[Dream Gate] [Poet Glas]

The Fir Bolg

According to ancient Irish legend, a man named Nemed once settled Ireland. When he left, two branches of his descendants later returned: the Fir Bolg, and then later the Tuatha De Danaan, who conquered the Fir Bolg at the first battle of Moy Tura. When the Miletians, the current Irish, came and conquered the De Danaan and forced them into faerie-mounds and other haunts of the Sidhe, several tribes of the Fir Bolg remained, and lasted into periods times.

How old we were when day was young and this was yet to be!
We're Nemed's sons and daughters dark, the cousins of the Shi--
When lands you rule were not yet yours but governed by the elves,
The hollow glens and hidden groves were tended by our selves.

When Nemed's folk were plague-beset and forced to leave this land,
We were the first to sail back here and till it with our hand;
But younger cousins came to us and brought with them the sword--
They conquered us and set us low and made the law their word.

Moy Tura's battle was the first where kind of ours we fought;
Their incantations spelled our fate no matter where we sought.
For aid against their mist-borne ships that made us look askance;
Crom Cruach did not answer us when bloody rites we danced.

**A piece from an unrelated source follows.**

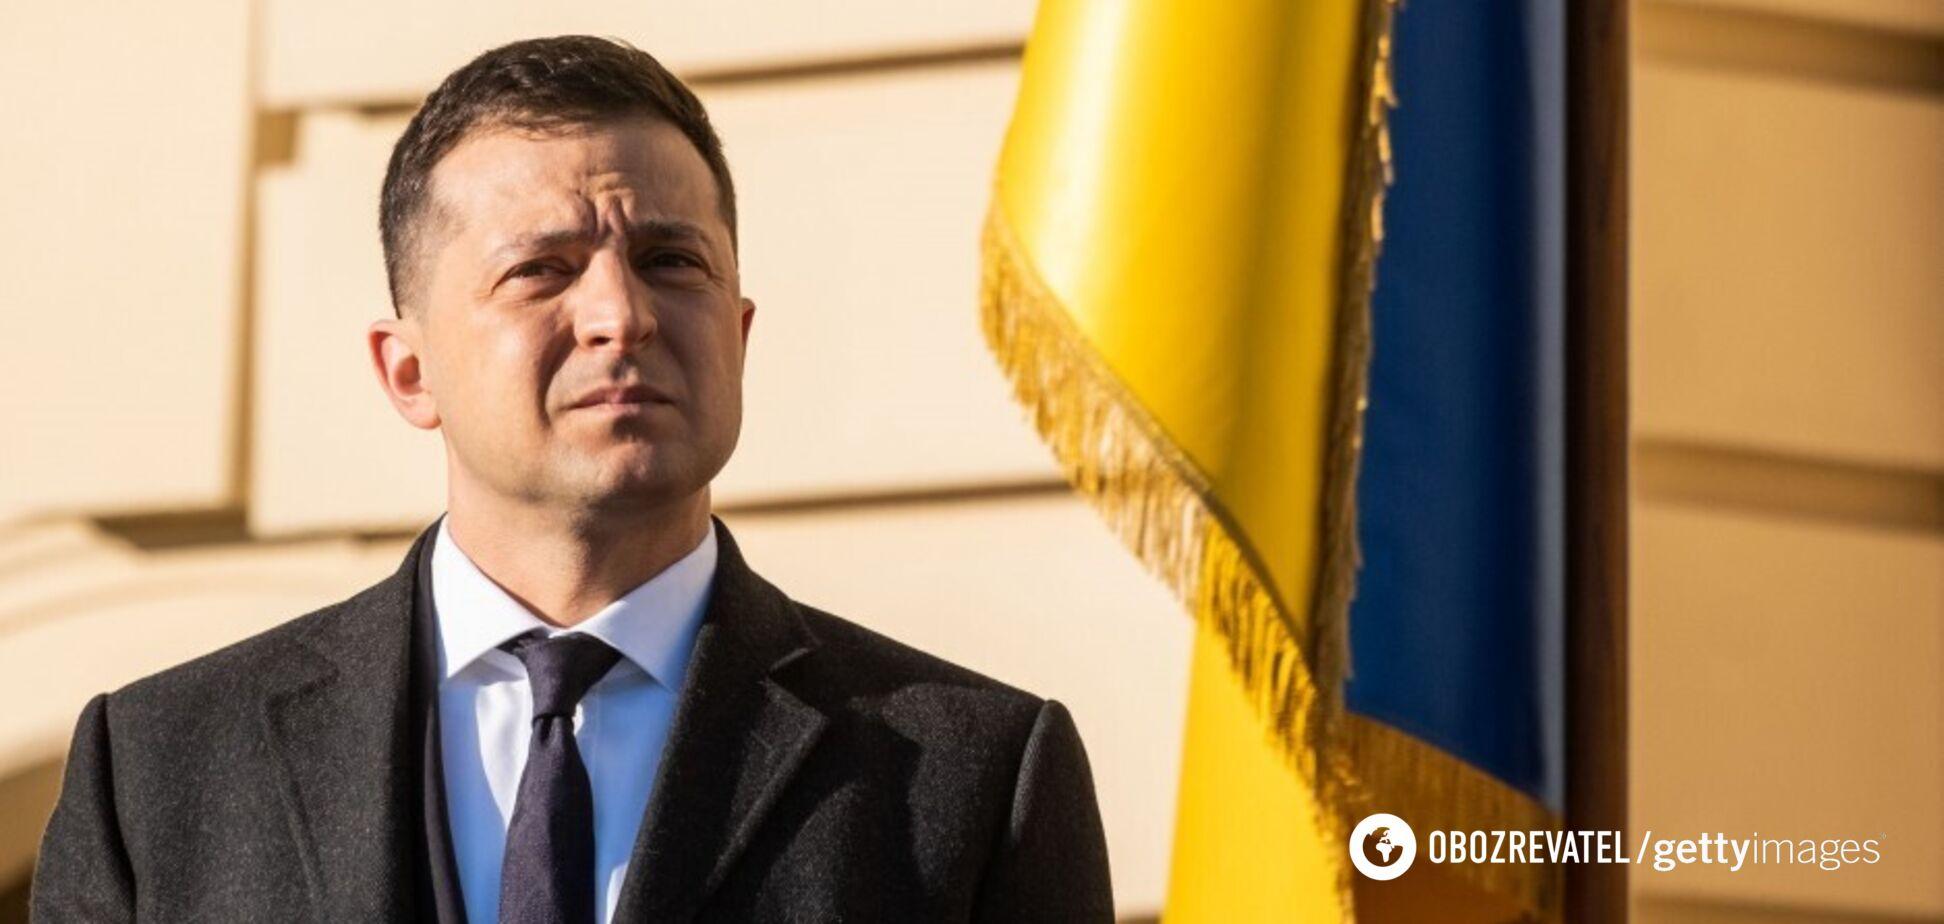 Українці назвали Зеленського головним невдахою 2020 року – опитування

When once again our elvish cousins warred against a foe,
Moy Tura saw the Formor host fall under sword and woe.
We were not there, but tended pigs, our cousins called us not
Our younger kin had made us slaves and left us when they fought.

They triumphed o'er their hell-spawned foe and Balor's Evil Eye,
And set us once again to work at cleaning fold and sty.
But Mille's sons sailed over the plain Manannan's sea steeds tread,
And Amergin set songs against our cousin's mystic dread.

Our cousins fell beneath these words that Mille's sons had brought,
And all their eldritch wizardry when crossed with steel meant noght;
For Mille's sons had brought with them the iron-monger's trade:
Our elvish cousins could not stand the touch of such a blade.

Now Mille's sons are mortal men much like unto ourselves;
They do not deal with wizardry but leave that to the elves.
But slaves we stay and tending pigs we wait in silence still--
For Mille's sons will meet their fate in this the land we till...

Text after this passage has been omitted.